HTML/XML Parser Node

The HTML/XML Parser Node allows you to parse an HTML or XML document string, as well as optionally run selectors against that document.

HTML/XML Parser Node

Configuration

The HTML/XML Parser Node has 2 distinct configuration sections - the first defining what to parse, and the second defining what to do with the result.

HTML/XML Parser Node Config

For determining what to parse, the node needs a JSON payload path, which is expected to point at a XML or HTML document string. The node will take that document and parse it as best as possible - obviously a well formed document is preferred, but the node does attempt to deal with documents that have structural or syntax errors. By default, the node will use the entire document for the result, but a selector can be defined to reduce what is actually returned from the parsed document. The selector uses standard CSS Selector syntax. Invalid selectors will be treated as if they match nothing in the document. Selectors that match more than one section in the document are also valid.

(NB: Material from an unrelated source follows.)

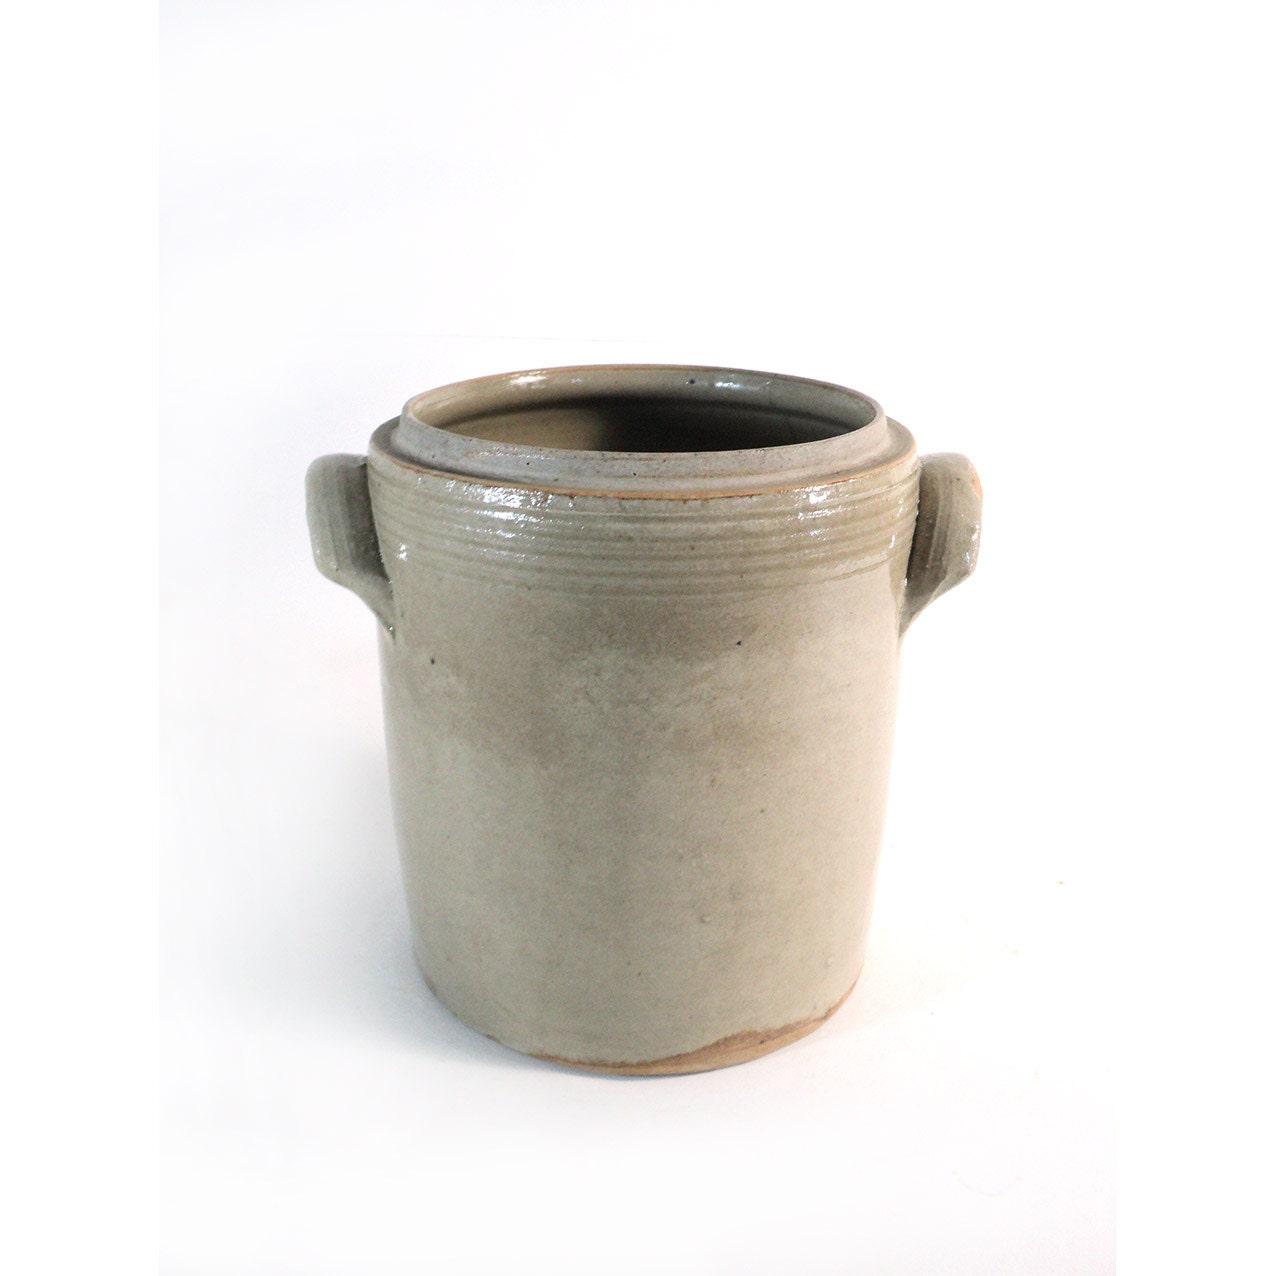 pot en gr s maill gris grand pot gris pot normand. Black Bedroom Furniture Sets. Home Design Ideas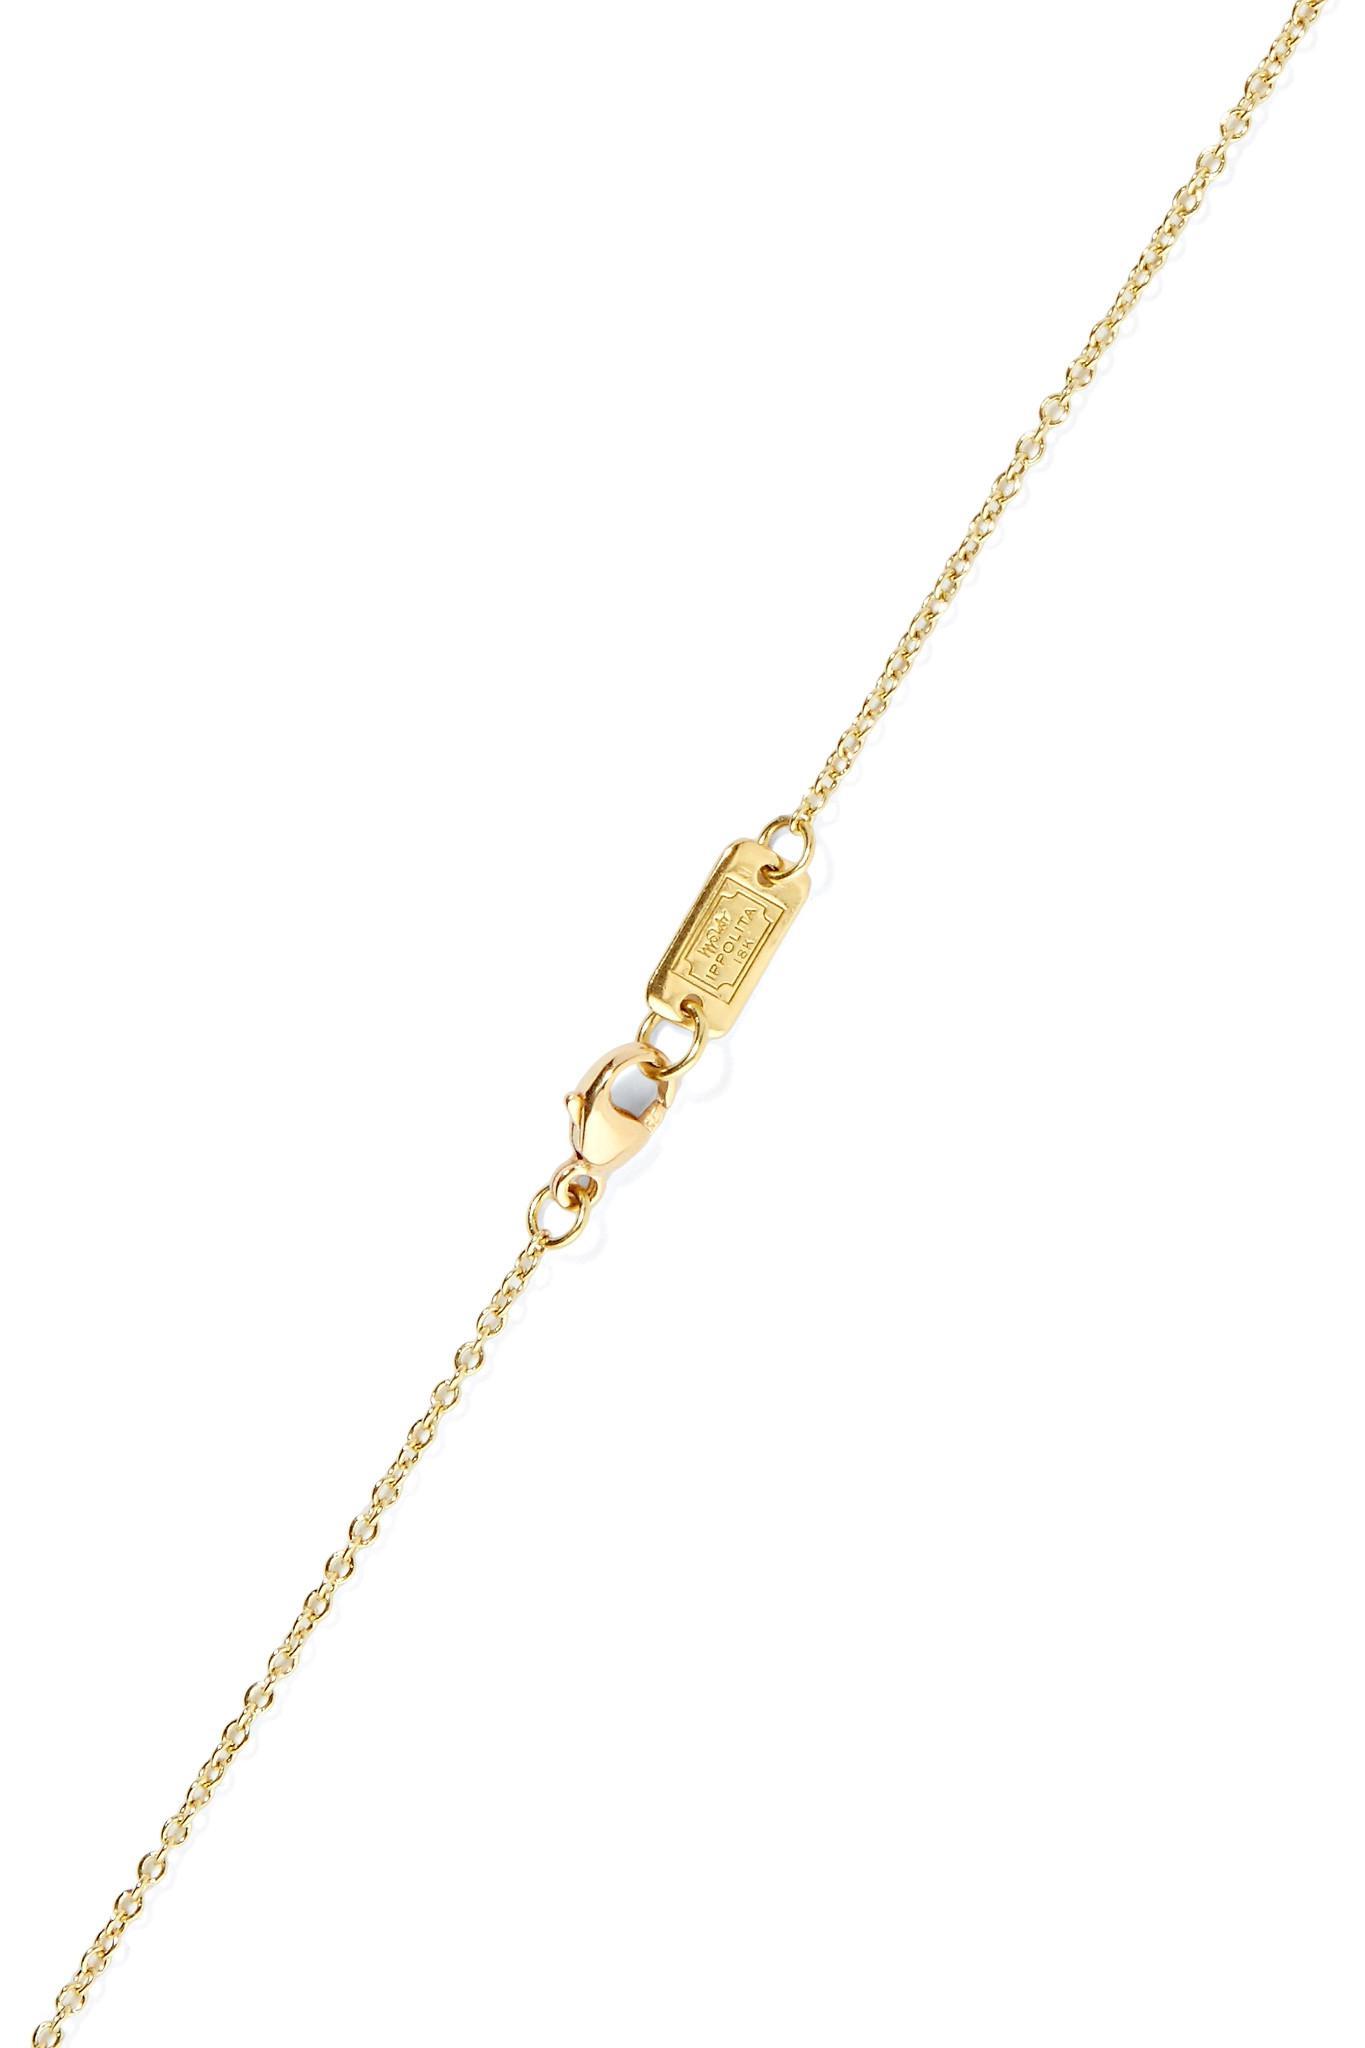 Ippolita Polished Rock Candy Confetti 18-karat Gold Shell Necklace KIrFCdgrn

In the above example, the node is pulling the HTML document string from the data.httpResult.body path (which in this case is storing the body of a webpage retrieved by the previous HTTP Node), and applying the selector #myDataSource against the document (which will pull out the node that has the ID myDataSource).

HTML/XML Parser Node Result

Once the node has the parsed document and has applied the selector, it needs to know where to place the result on the workflow payload, and what form that result should take. Where to place the result is just a simple JSON payload path. In the example above, the result will be placed at data.extractedData and will be in Text format.

For the form that that result will take, there are three possibilities - Text, XML, JSON. In all three cases the result will take the form of an array, one entry per section of the document that was selected by the CSS selector - or just an array of one item representing the entire document if there was no selector. Text output will be a string of any visible text within the selected element, concatenated together. XML output will be the string of XML that represents the selected element. JSON output will be a JSON representation of the selected element. For example, given the following sample XML document, with the selector .edge applied:

<ul>
  <li id="first" class="edge"><b>Item</b> number <a href="/one">One</a></li>
  <li id="second"><b>Item</b> number <a href="/two">Two</a></li>
  <li id="third" class="edge"><b>Item</b> number <a href="/three">Three</a></li>
</ul>

The Text output format would be the following:

[
  "Item number One",
  "Item number Three"
]

The XML output format would be the following:

[
  "<li id=\"first\" class=\"edge\"><b>Item</b> number <a href=\"/one\">One</a></li>",
  "<li id=\"third\" class=\"edge\"><b>Item</b> number <a href=\"/three\">Three</a></li>"
]

And the JSON output format would be the following:

[
  { "children": [
      { "type": "element",
        "name": "li",
        "attributes": { "id": "first", "class": "edge" },
        "children": [
          { "type": "element",
            "name": "b",
            "children": [ { "type": "text", "value": "Item" } ] },
          { "type": "text", "value": " number " },
          { "type": "element",
            "name": "a",
            "attributes": { "href": "/one" },
            "children": [ { "type": "text", "value": "One" } ] }
        ]
      }
    ]
  },
  { "children": [
      { "type": "element",
        "name": "li",
        "attributes": { "id": "third", "class": "edge" },
        "children": [
          { "type": "element",
            "name": "b",
            "children": [ { "type": "text", "value": "Item" } ] },
          { "type": "text", "value": " number " },
          { "type": "element",
            "name": "a",
            "attributes": { "href": "/three" },
            "children": [ { "type": "text", "value": "Three" } ] }
        ]
      }
    ]
  }
]

JSON Output Details

The JSON output can be also be passed back to the toHtml handlebars helper to produce an HTML/XML document string again - which lets you parse a document to JSON, manipulate its contents, and then create a new document string with your modifications.

Currently, the JSON output is produced by the library xml-js with the following changes from their default options:

{ compact: false,
  textKey: 'value',
  cdataKey: 'value',
  commentKey: 'value',
  elementsKey: 'children',
  alwaysChildren: true }

Losant uses this library because, while there is no official JSON<->XML specification, this library (when using non-compact form) is the closest to allowing lossless bidirectional conversion. The toHtml handlebars helper also uses these same options above for conversion back from JSON to XML with xml-js. They have a number of examples showing what the conversion looks like for various samples.